The other day I stopped by Whole Foods for vegetables and discovered that the chain had changed its entire line of store brand chocolate bars. The new line presumably aims at the same demographic—people who will spend extra for local/organic/fair trade/sustainable and are leery of unpronounceable ingredients, i.e. Whole Foods shoppers—but the change seems to be an attempt to stay within current trends in both sustainability and chocolate consumption. The old chocolate was your basic “Milk chocolate” or “Dark chocolate with almonds” in bright, simple packaging, sometimes using the words “organic” or the classic, evocative “Swiss.” The new line includes more dark varieties, single-origin bars, and upscale flavoring combinations in Vosges-shaped thin boxes bearing lots of words, sustainability-certification-type stamps, earthy colors, and photos of people and sights in tropical locales. They're also marketing it under their Whole Foods brand rather than under their 365 “value” brand.
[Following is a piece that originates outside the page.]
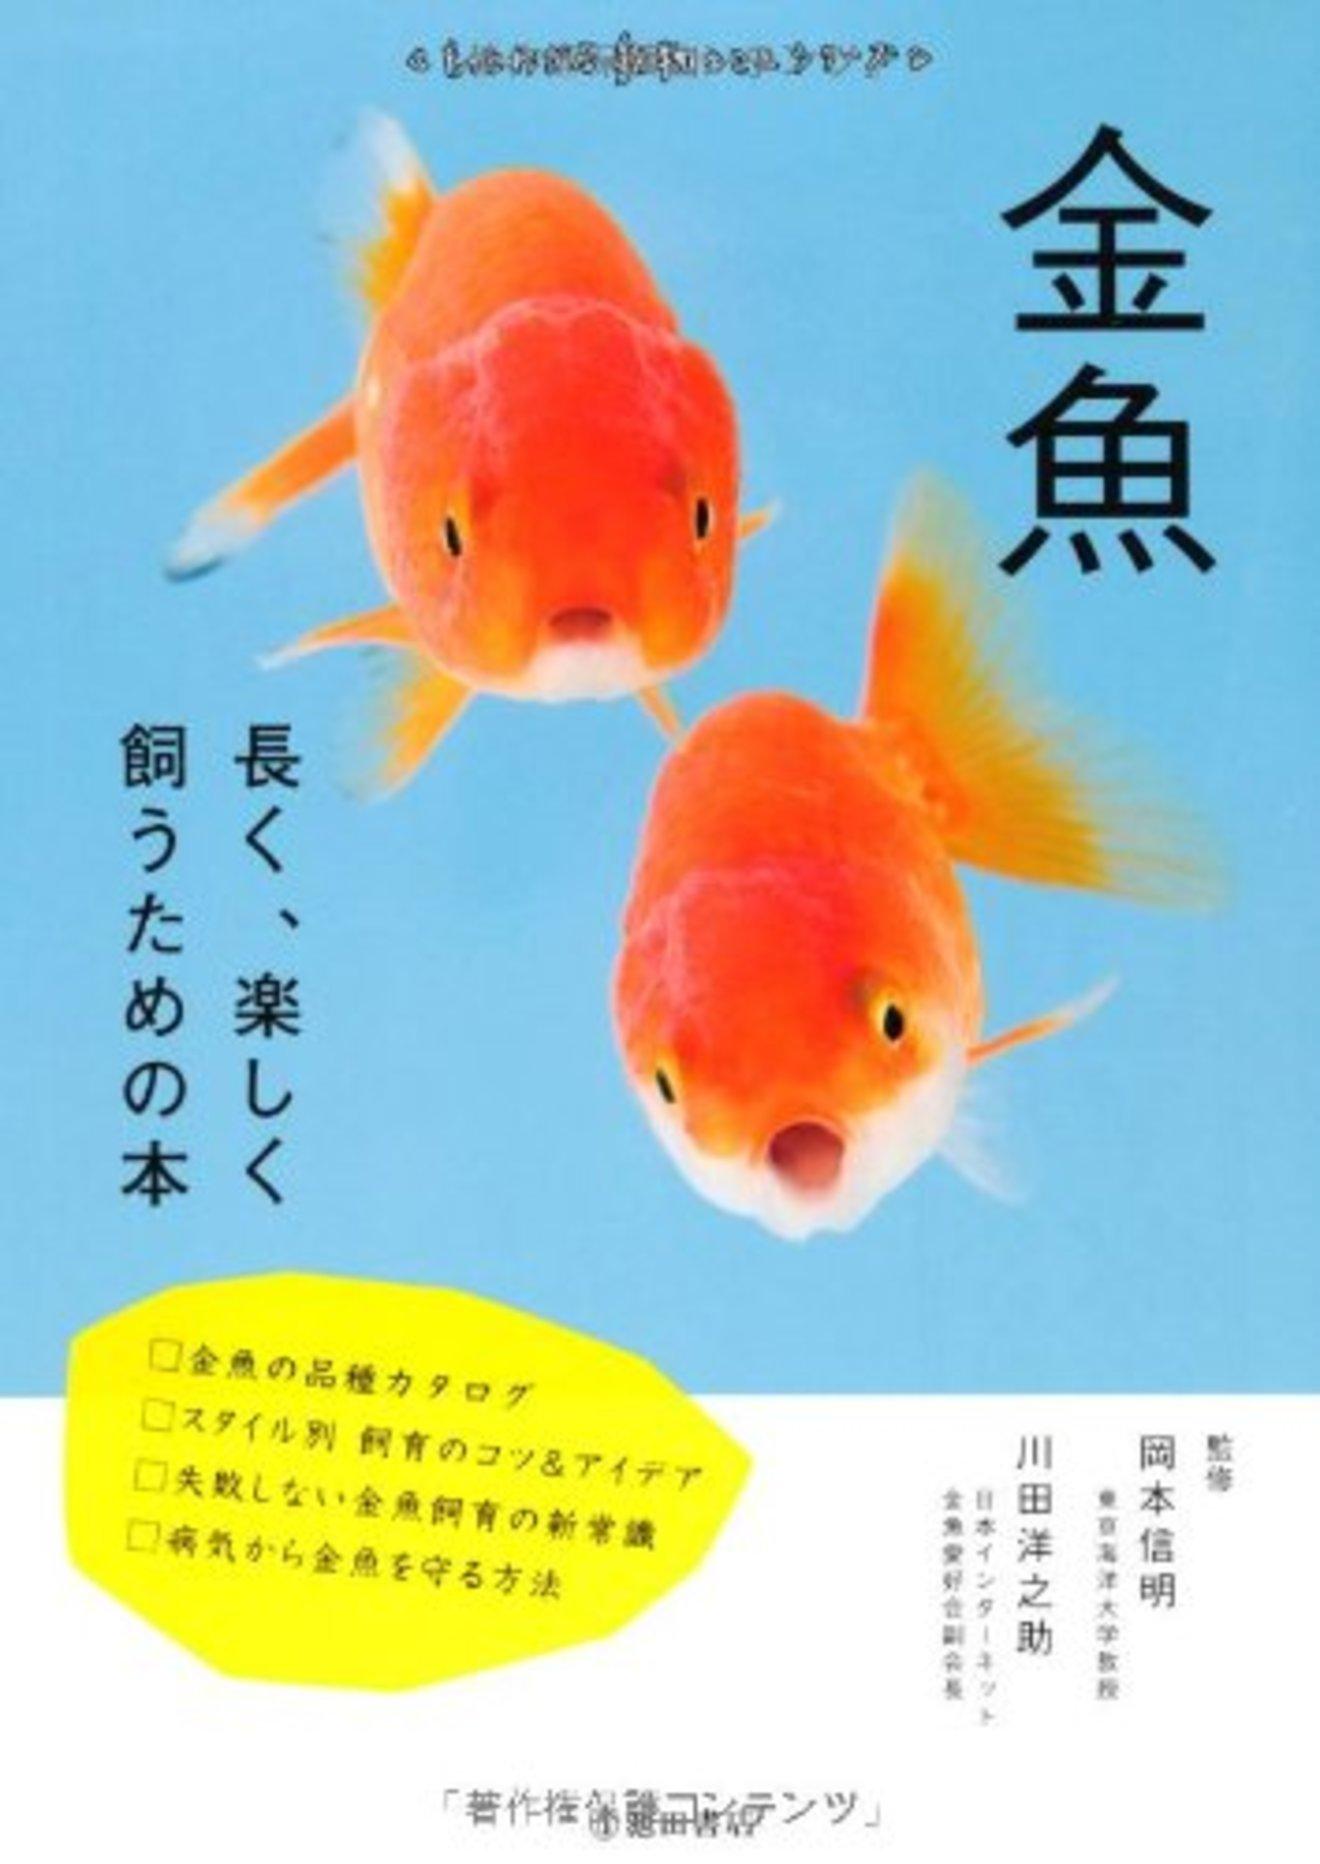 金魚の飼育方法を解説!身近だけれど正しい育て方、知ってますか?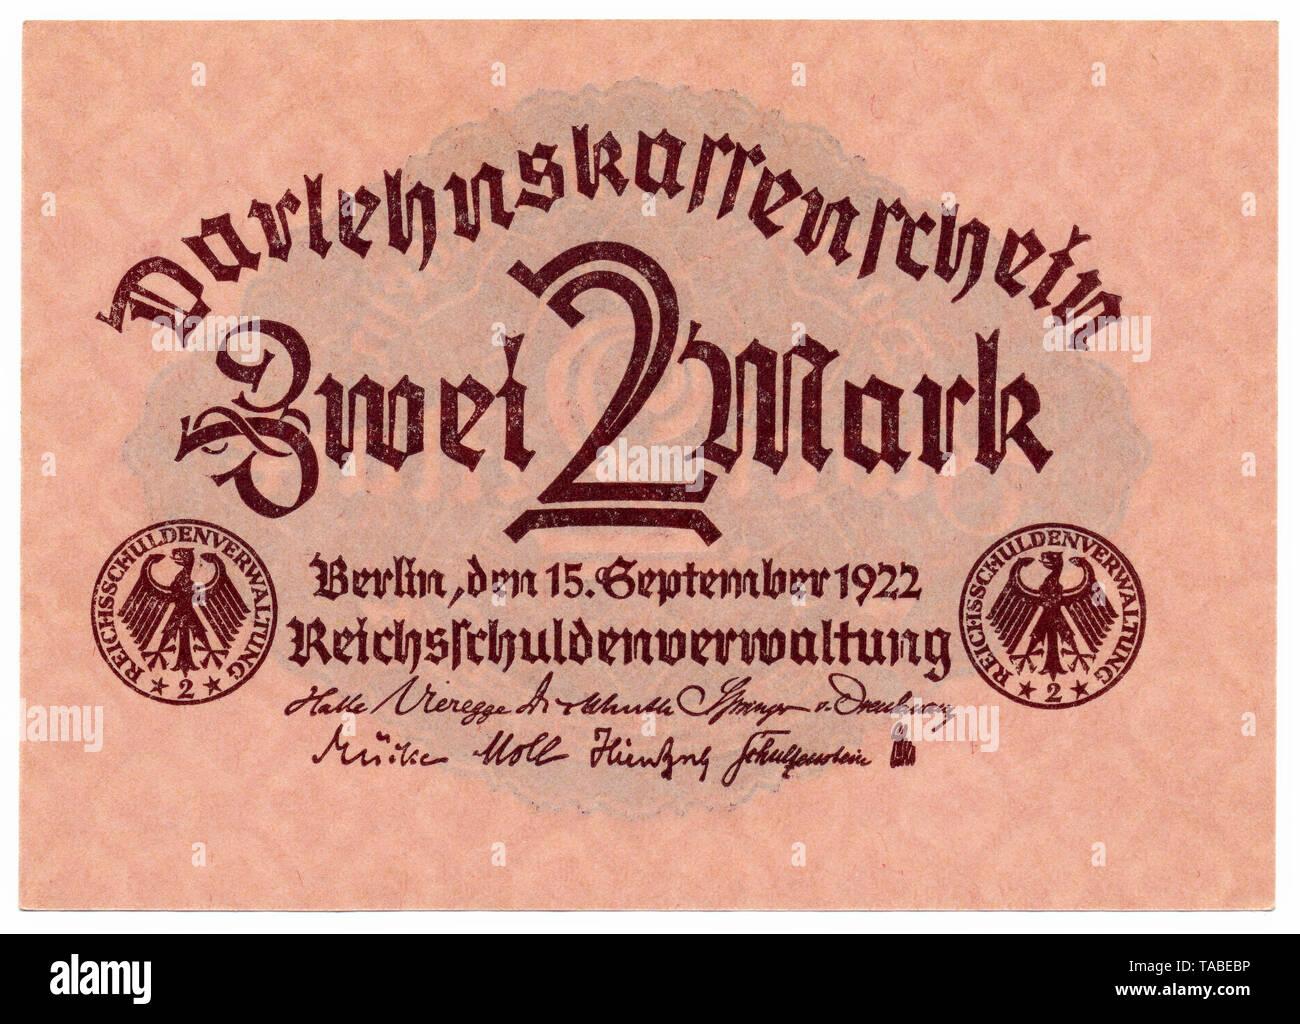 Historischer Geldschein, Darlehnskassenschein, Reichsschuldenverwaltung, 2 Mark, 1922, Deutschland, Europa Stockbild

I bought three of the new bars to review over the next weeks, among them today's 71% single-origin Costa Rican bar (but made in Belgium, so there's still some Euro-cachet). Incidentally, this bar's carries Whole Foods' self-defined Whole Trade Guarantee and is made with Rainforest Alliance Certified cacao. These distinctions are, like organic, fair trade, direct trade, and all those others, complicated and varying degrees of meaningful to the well-intentioned consumer. I won't pretend to fully understand them (I suspect very few people really do), and one of these days I'd like to write a post on whatever I can learn about the real-world significance of each. Compared to eating chocolate, that's frustrating and boring, so it's on the back burner.

Corporate Info: After all the above, let's keep this one short. Whole Foods Market is a major American supermarket chain focusing on upscale and health food. People have all sorts of opinions on it because of its relatively high prices (at least in part because of the nature of the products, maybe also because its customers are willing to pay more), penchant for taking over regional health food chains, and outspoken co-founder/one-time CEO, but it also gives health-food devotees supermarket-style access to their preferred products, including many of the chocolate bars I review here.

Appearance: Surface is semi-glossy and finely textured, with a red-orange undertone.

Smell: Big, warm, round—that is, there's a lot of aroma but nothing pungent. Like ripe cherries or berries or something.

Taste: Texture is creamy, waxy, rich, mouth-coating. Flavor is full, not too sweet, not at all sour or bitter. This is the crowd-pleaser of very dark chocolates, fruity and winey without any challenging or unpleasant edges.

Conclusion: Whole Foods 71% Cacao Costa Rica Dark Chocolate is exactly what an upscale store brand would do when attempting to make a good-quality but not off-putting fairly dark chocolate.